The drug’s absorption may be influenced by certain foods and other medications. Research has shown that flavonoids from plants can alter the transport of cefixime via PEPT1 in intestinal cells. Specific flavonoids such as quercetin, genistein, naringin, diosmin, acacetin, and chrysin were found to increase cefixime uptake by up to 60% by activating apical Na+/H+ exchange.
When prescribing cefixime, healthcare providers should carefully review the patient’s complete medication list to avoid potential drug interactions.
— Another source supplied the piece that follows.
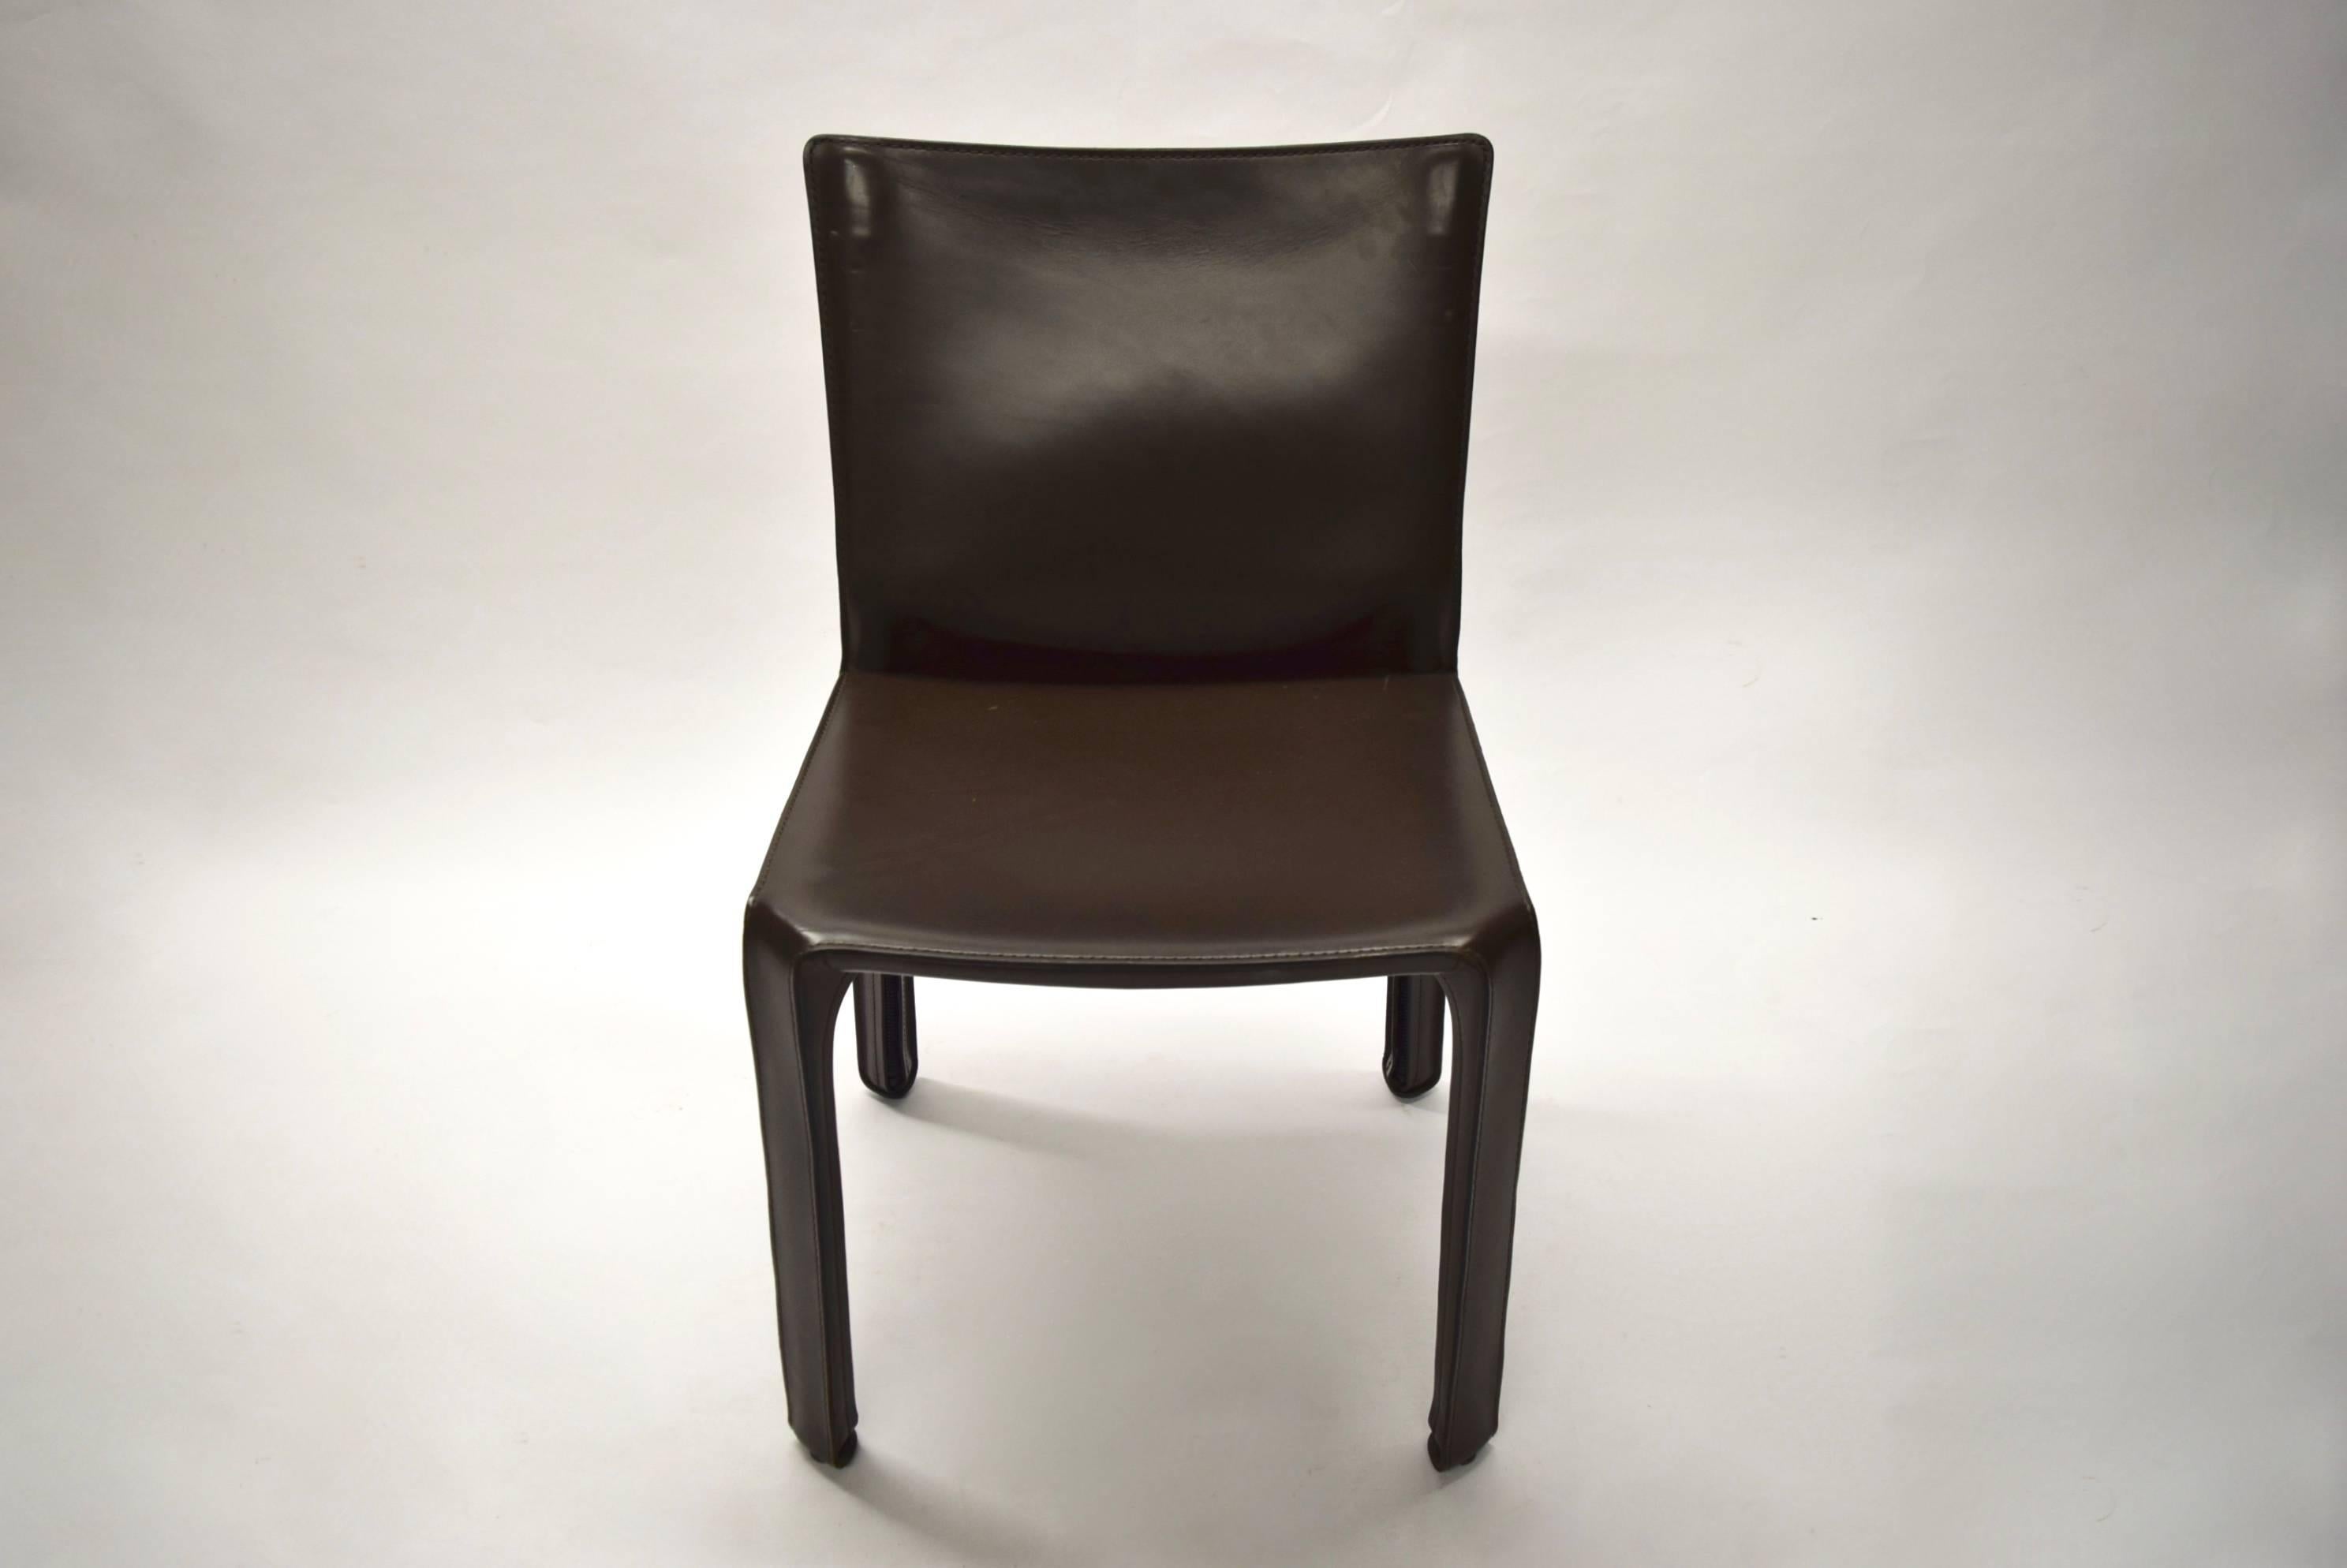 Set of eight dining height CAB armless chairs in brown leather all with original markings an all in excellent condition. The chair is steel covered in leather. The seat cover is applied using zippers that are not visible.

Special attention should be paid to anticoagulants, probenecid, and nephrotoxic drugs which may have clinically significant interactions with cefixime.
Safety Considerations
Cefixime trihydrate carries a pregnancy category B rating, indicating no proven risk in humans has been established. Animal studies have failed to reveal evidence of fetal harm or impaired fertility at doses up to 400 times the recommended human dose, though increased incidence of abortion was noted at levels reaching maternal toxicity.
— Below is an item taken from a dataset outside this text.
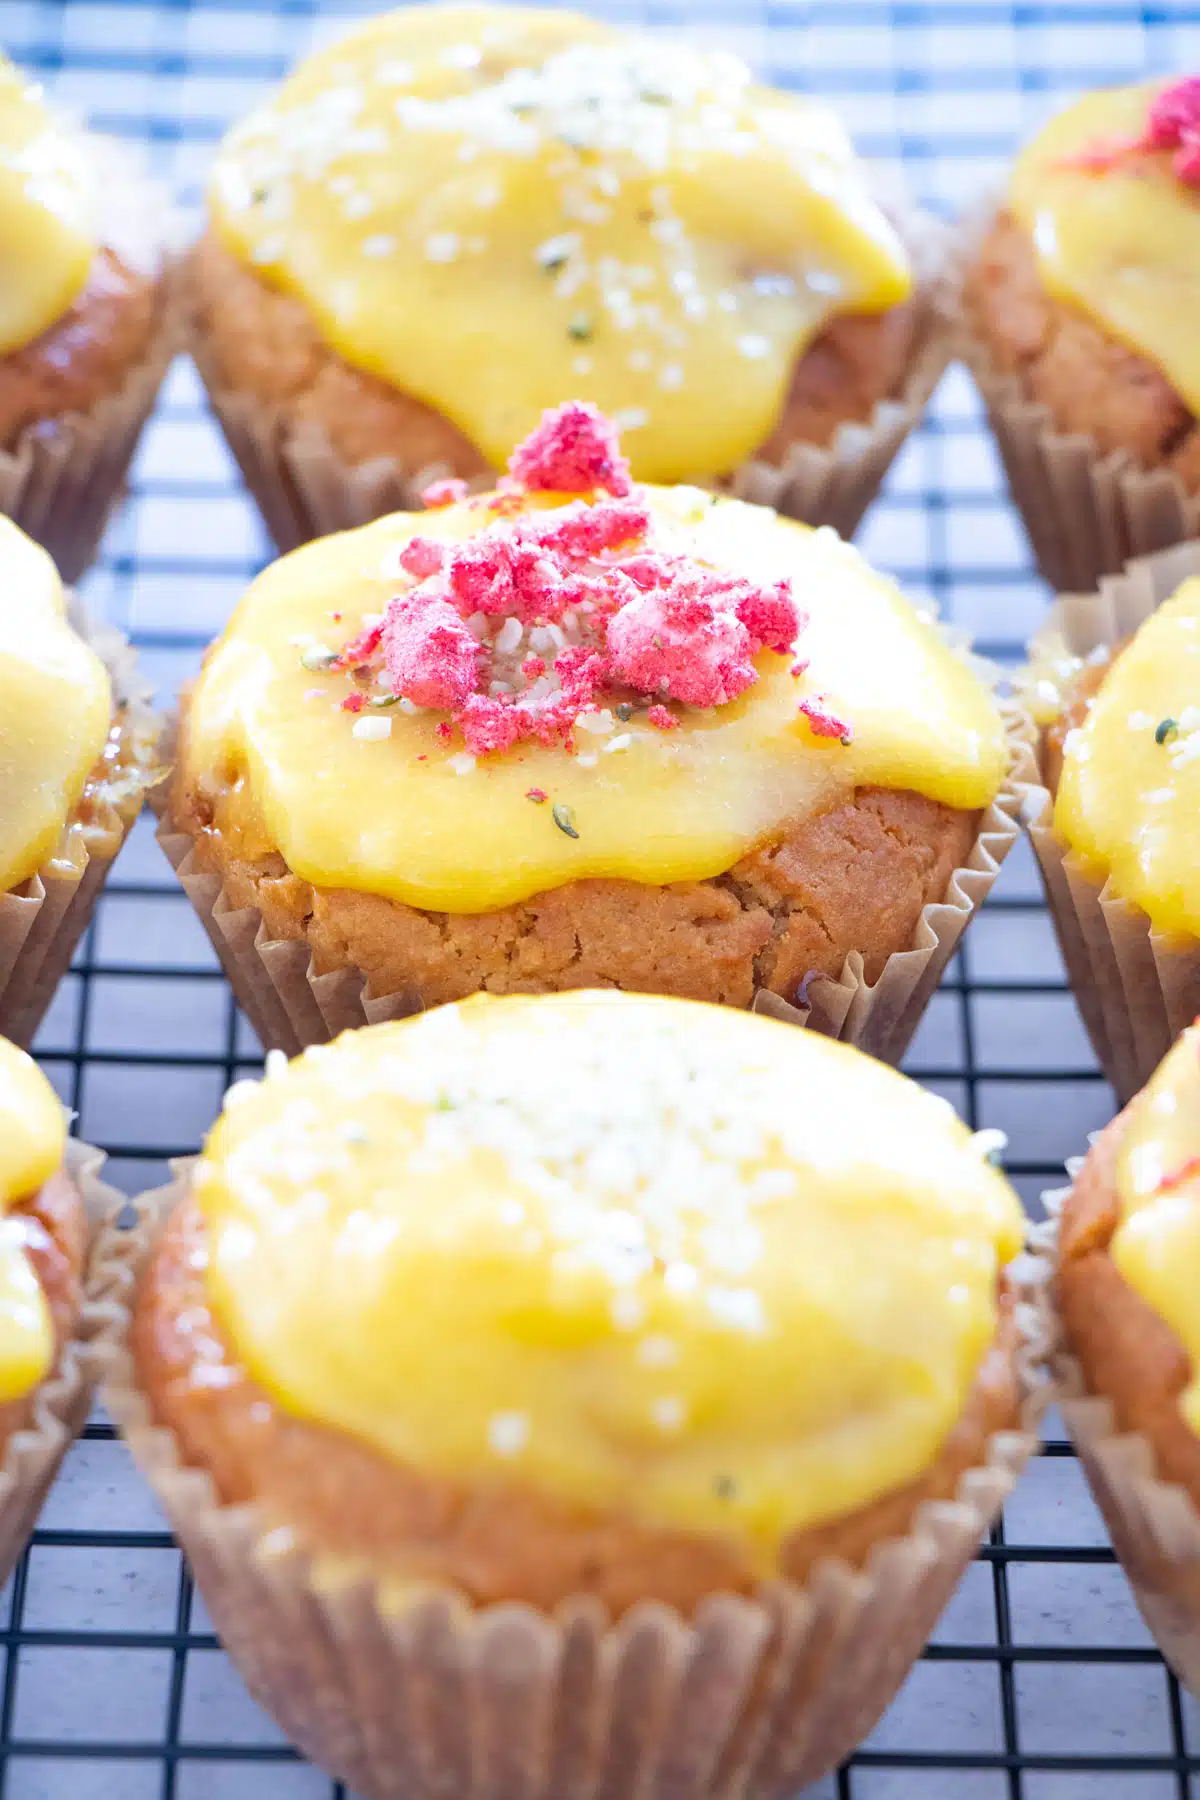 Nine lemon curd muffins have been laid out on a black cooling rack. Each have been topped with extra bright yellow lemon curd and sprinkled with freeze dried strawberries or hemp seeds.

Regarding lactation, cefixime is known to be excreted into human milk, and its use is generally not recommended during breastfeeding. A decision should be made to discontinue breastfeeding or discontinue the drug, taking into account the importance of the medication to the mother. The American Academy of Pediatrics considers other cephalosporins (such as cefadroxil and cefazolin) as compatible with breastfeeding, though maternal doses of cephalosporins have been associated with reports of neonatal diarrhea and thrush.
Patients with known allergies to cephalosporins should not take cefixime. Those with allergies to penicillins should use cefixime with caution due to the potential for cross-reactivity. The chewable tablet form may contain phenylalanine, warranting caution in patients with phenylketonuria (PKU). Additionally, the suspension form contains sucrose, which is a consideration for patients with diabetes.
Regulatory Status
Cefixime trihydrate received FDA approval in the United States, with the original approval dating back to 1986. The drug is available by prescription only and is marketed under various brand and generic names. The FDA has approved multiple formulations, including capsules (400 mg), tablets (400 mg), chewable tablets (100 mg, 150 mg, 200 mg), and oral suspensions (100 mg/5 mL, 200 mg/5 mL, 500 mg/5 mL).
Generic formulations of cefixime have also received regulatory approval. For example, in 2015, the FDA approved Aurobindo Pharma’s Abbreviated New Drug Application (ANDA) for Cefixime for Oral Suspension USP, 100 mg/5 mL and 200 mg/5 mL. The drug is commercially available globally, with numerous pharmaceutical companies producing generic versions under various brand names across different countries, particularly in South Asia where it is extensively used for bacterial infections.
Conclusion
Cefixime trihydrate remains an important broad-spectrum antibiotic in the healthcare arsenal, particularly useful for treating respiratory, urinary, and certain sexually transmitted infections. Its oral bioavailability, once-daily dosing option, and efficacy against many common pathogens make it a valuable therapeutic agent. However, emerging antibiotic resistance patterns, potential for adverse effects, and specific contraindications necessitate judicious use of this antimicrobial agent.
Healthcare providers should consider local resistance patterns, individual patient factors, and current treatment guidelines when prescribing cefixime trihydrate to ensure optimal therapeutic outcomes while minimizing risks associated with antibiotic use.